Finally, I'm going to execute my sample query on my Health Store and that's all it takes, so let's build and run.

So here I have my training log, I'm going to tap on my immunization dashboard tab. I see the new Health Records authorization sheet explaining to my users how my app could potentially use my users' health records. I'm going to tap continue and here my user has a chance to allow or deny categories as they see fit. There is my purpose string that I defined in my Info.plist earlier alongside a link to my app's privacy policy. Now users have to explicitly switch for every single category, there's no turn on all button. So for the purposes of the demo I'm going to enable immunizations and to have share current records. For future records I'll leave with the default Ask Before Sharing and I'll tap done. And just like that I have a list of all my users' immunizations. So that's just-- So that's just using display name, but there's a lot more information contained in the clinical records FHIR resources. So to tell you more about FHIR I'd like to hand it back to Jason. Thank you, Peyton. So Peyton just showed us how we can request authorization in our app, query for data, and take advantage of the new display name on HKClinicalRecord to present that information to users in a way they're familiar.

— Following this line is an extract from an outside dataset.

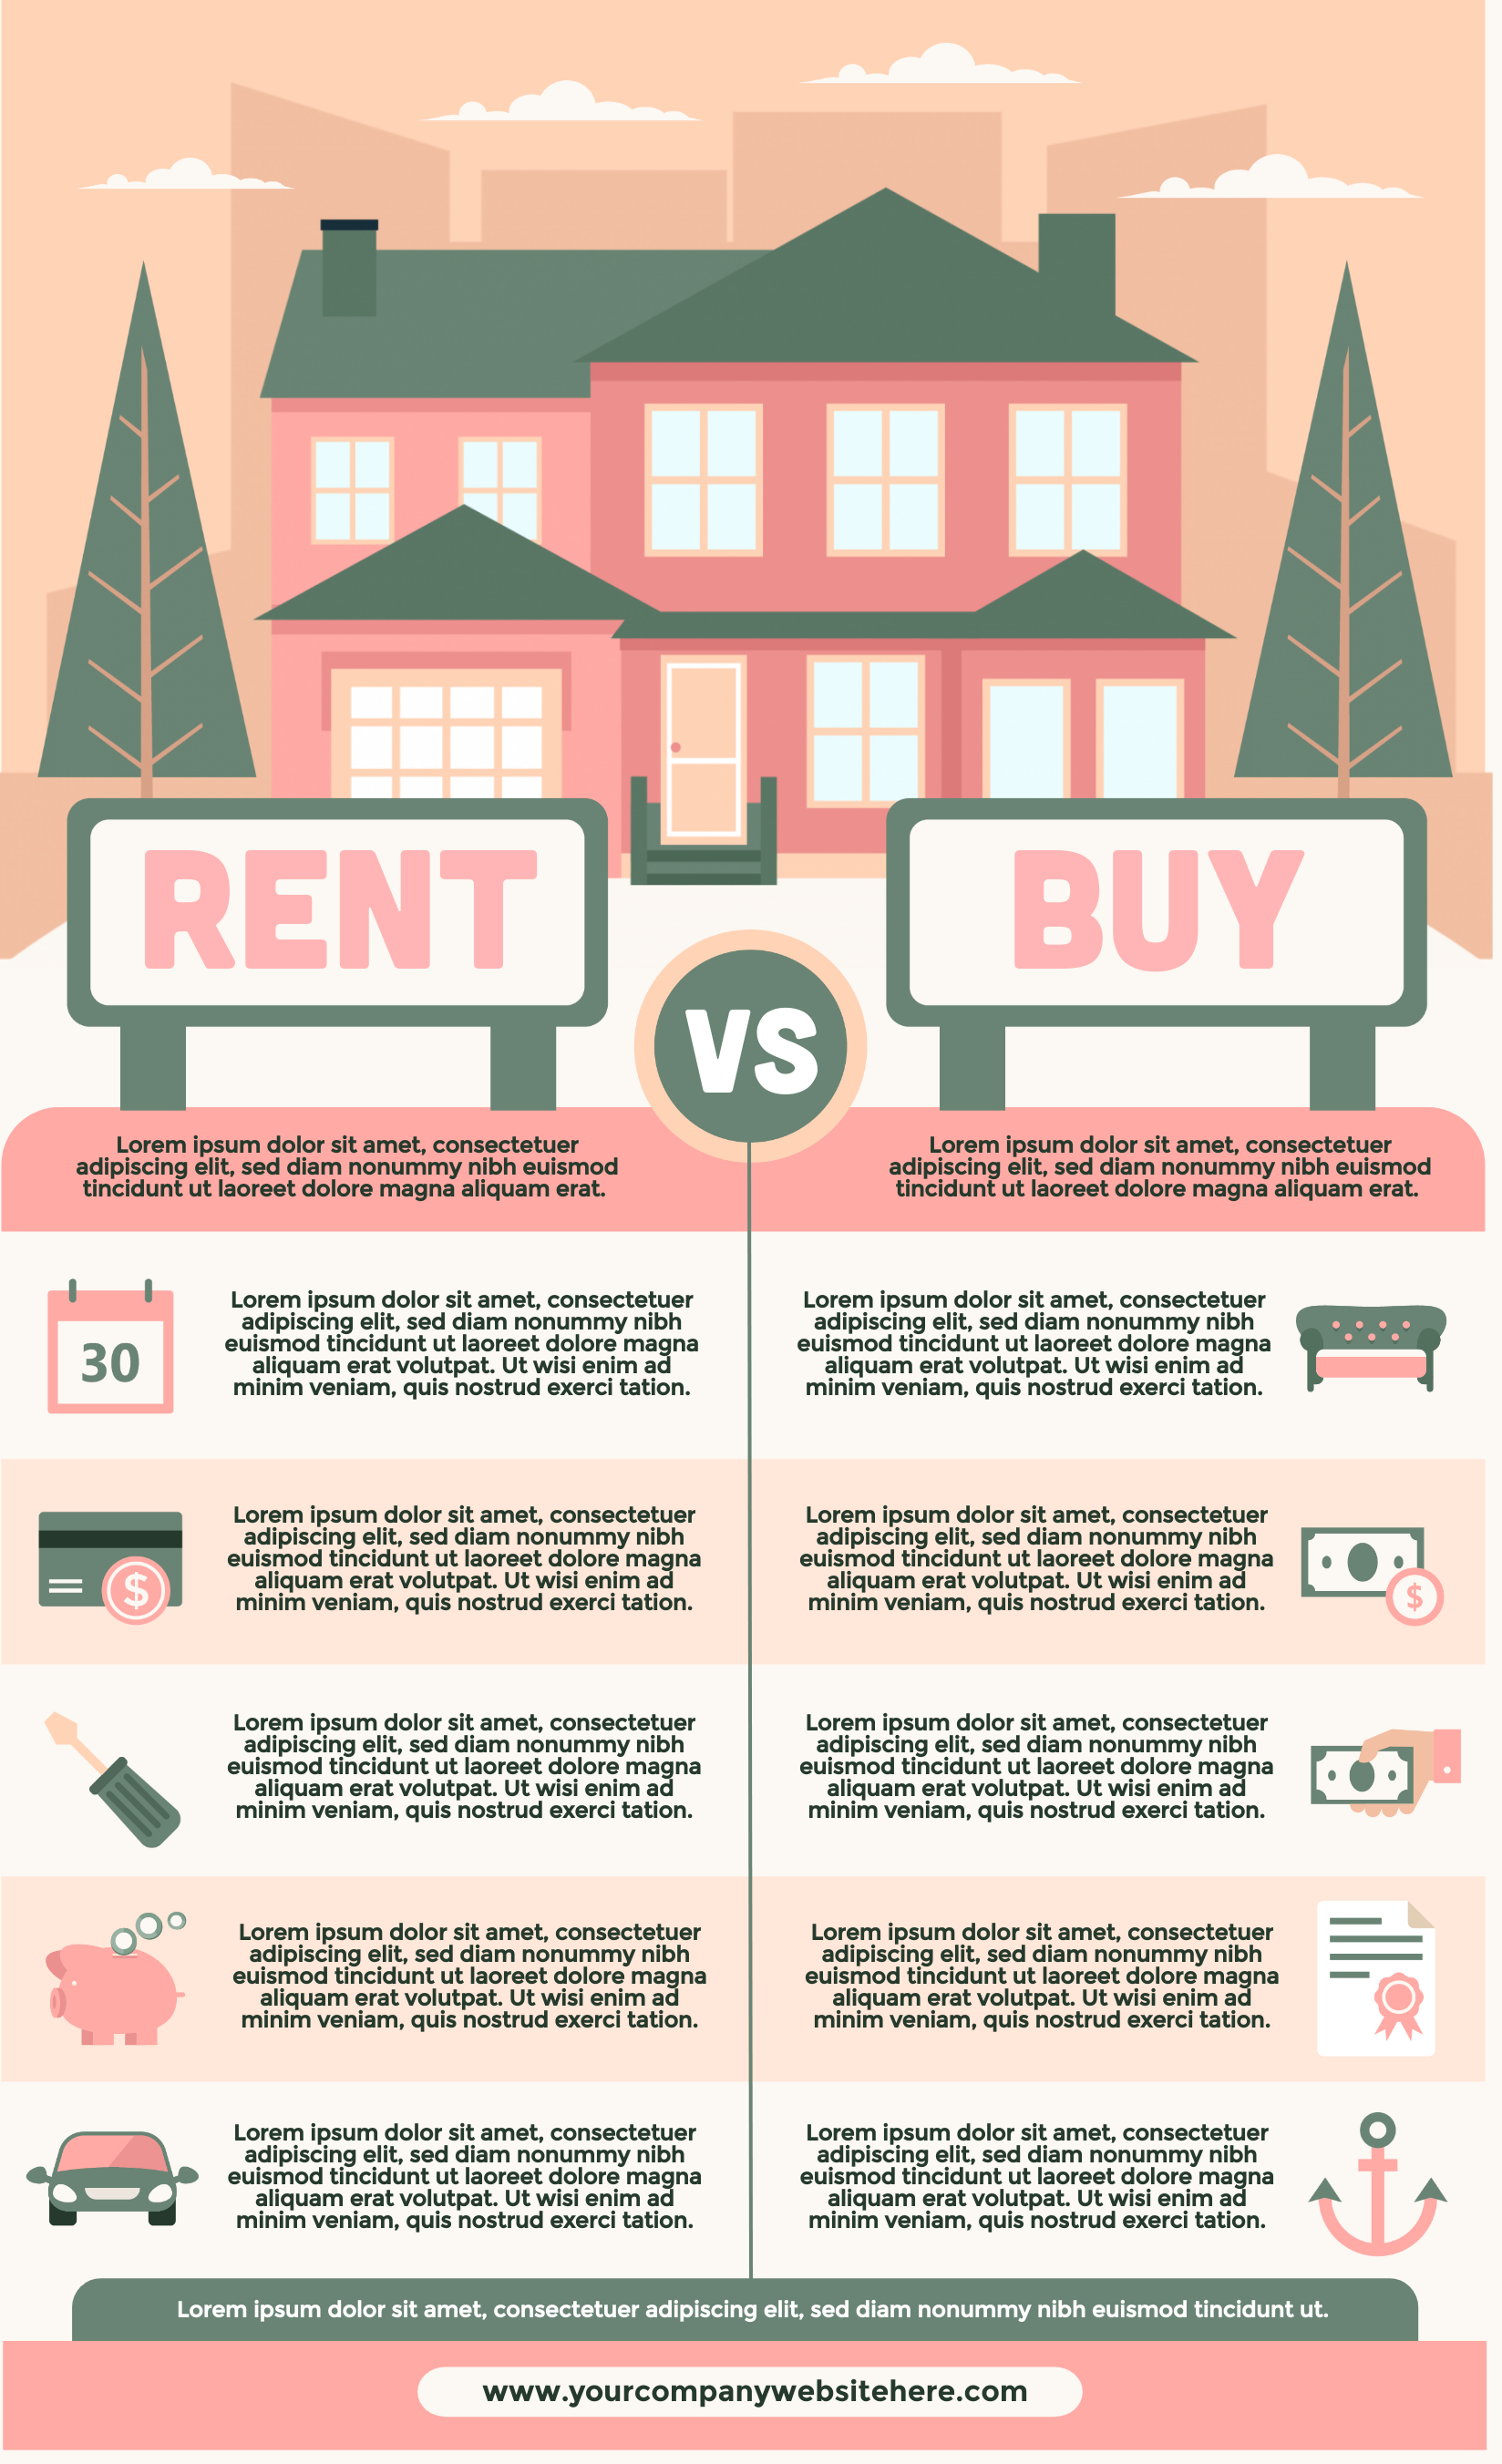 Rent vs buy infographic

So now let's take a look at FHIR and see what you can do with this rich data format. Users interact with multiple healthcare institutions over the course of their lives and these are often running different electronic health record systems that don't always represent data in the same way. This makes interoperability incredibly difficult. So to address this the healthcare community came together in an effort called the Argonaut Project, this uses FHIR, a flexible JSON representation of health records and 2 as defined by the Smart Authorization Guide to allow connections, consistent connections to healthcare institutions and to allow data to be downloaded in a common format and related across those multiple institutions.

FHIR itself models a huge universe of health data from allergy intolerance to vision prescription and it organizes this data into different data types called resources. Each resource has a resource type and there is one for each and every kind of health data. Today we are selecting the eight most common resource types and these are defined within the Argonaut Project and we are grouping these into the seven different clinical types that we saw earlier. You'll note that we split observations into lab results and vital signs based on the categorization and we group multiple medication resource types into the medications category. So FHIR represents data as a JSON dictionary and there are some key properties that are present on all FHIR resources. Things like the resource type, here we're looking at an observation and this tells us that in the context of health this is a lab result or a vital sign.

We also have an ID present on all resource types. This is a unique identifier for that resource, but you should note that it is only unique within the domain of that resource type for that healthcare institution.

One of the most fundamental building blocks of FHIR is a coding.

This allows for a reference to a unique identifier or a code scoped within an external coding system. There are a number of coding systems specified within FHIR and you can use these to find out more about the items that are referenced in medical records or to relate specific things across multiple healthcare institutions. Here we're actually looking at a category coding which tells us that this is a lab result.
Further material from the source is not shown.